I've used Firefox for the past few months as Hulu has been getting aggressive w/ uBlock solely on Chrome. The only annoying hurdles have been during the switch but other than that I would say it's a good browser.
I have 3 Windows x64 machines:
- i7 6600u | 16GB RAM | Intel HD 520 | Nvidia 940MX
- i7 7700HQ | 16GB RAM | Nvidia 1060 (integrated Intel GPU disabled in BIOS)
- i7 9850H | 32GB RAM | Intel UHD 630 | Nvidia Quadro T2000
Firefox 115 running flawlessly on all of them. No issues, fast and smooth. Same as previous versions.
Can someone explain the Intel h264 decoding thing?
I've had h264 decode on GPU working with VAAPI since forever. This seems to be telling me about a feature I already had years ago?
Kind of a big update... this is the last version of Firefox for Windows 7 and Windows 8, along with macOS 10.12, 10.13, and 10.14. I know this is forcing family members to finally upgrade their (mac) OS.
More big updates:
- Hardware video decoding is now enabled for Intel GPUs on Linux.
- We've refreshed and streamlined the user interface for importing data in from other browsers.
- The builtin editor now behaves similarly to other browsers with contenteditable and designMode when splitting a node, e.g. typing Enter to split a paragraph, and also when joining two nodes, e.g. typing Backspace at the start of a paragraph to join the paragraph and the previous one.
Pretty sure that last feature is what finally fixes the Reddit Fancy Pants editor in Firefox... exactly when Reddit is destroying itself.
- IndexedDB is now also supported in private browsing without memory limits thanks to encrypted storage on disk.

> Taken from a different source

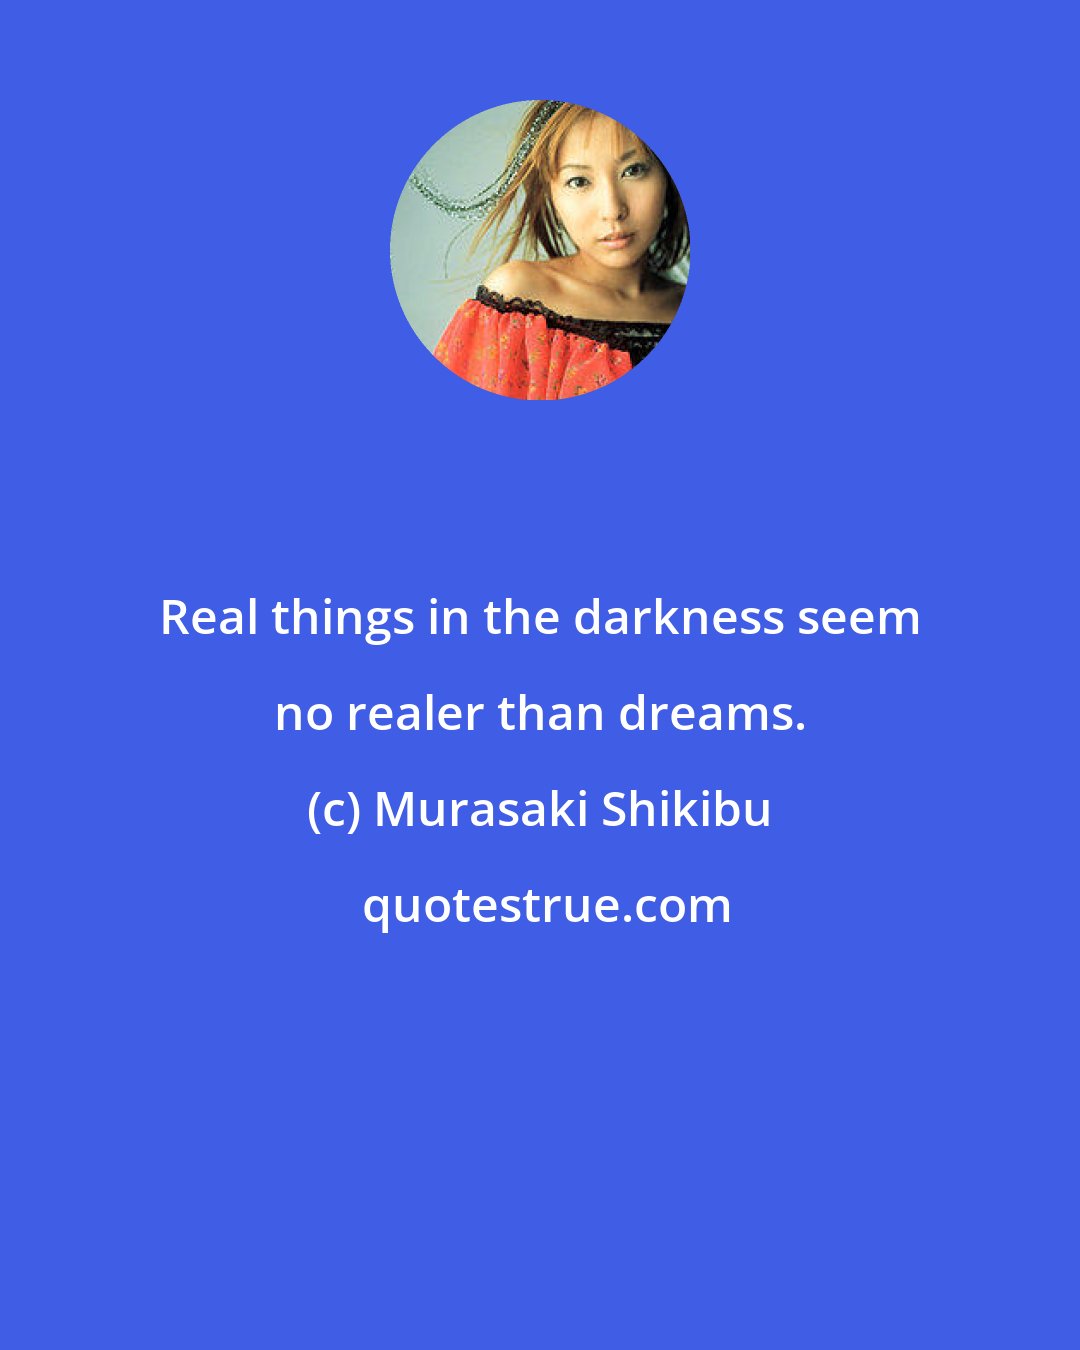 Murasaki Shikibu: Real things in the darkness seem no realer than dreams.

The temporary keys to decrypt the information are hold in RAM only and all stored information is purged at the normal end of a private browsing session from disk.
This might help WhatsApp web run in private browsing, among other sites.

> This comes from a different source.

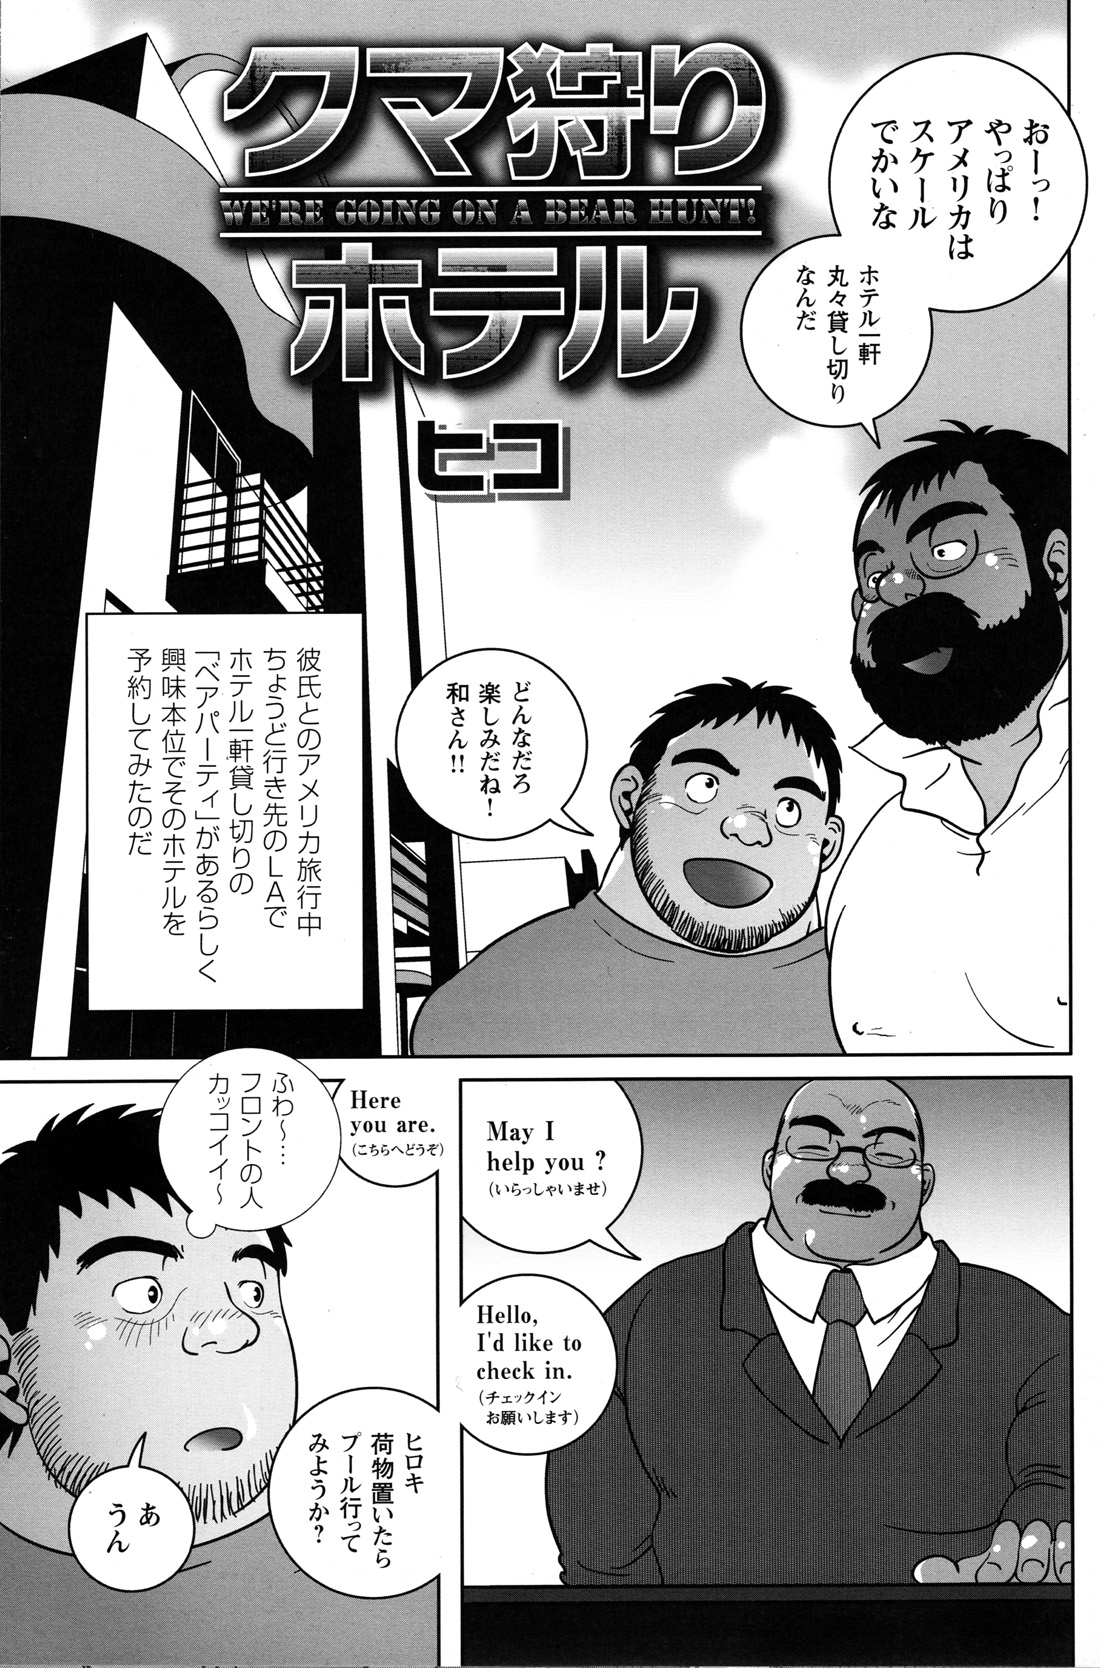 Comic G-men Gaho No.04

The most impactful thing is definitely going to be OS compatibility... this is going to be the last version of Firefox for a long time for a lot of people.
i have a feeling there is something horribly wrong with 115.

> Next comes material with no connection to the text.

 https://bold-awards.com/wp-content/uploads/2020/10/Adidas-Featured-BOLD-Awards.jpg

firefox has been lagging and using too much ram. 114 was the best patch in history but now its back to the same old struggling firefox. or worse.
If you want to find the bug, you can run a mozregression to find what broke it (using 114 as your last known good release and 115 as your bad release).
Please reach out if you need help with this.
You can use your profile to test this pretty easily.
edit: culprit found: dashlane extension for firefox causing latency and high use of resources.. dashlane claims they are waiting on mozilla to review their patch submitted 3 weeks ago:
I am not seeing any patch submitted to Mozilla by Dashlane on this bug which looks like it is at an investigation phase, is that in a separate bug?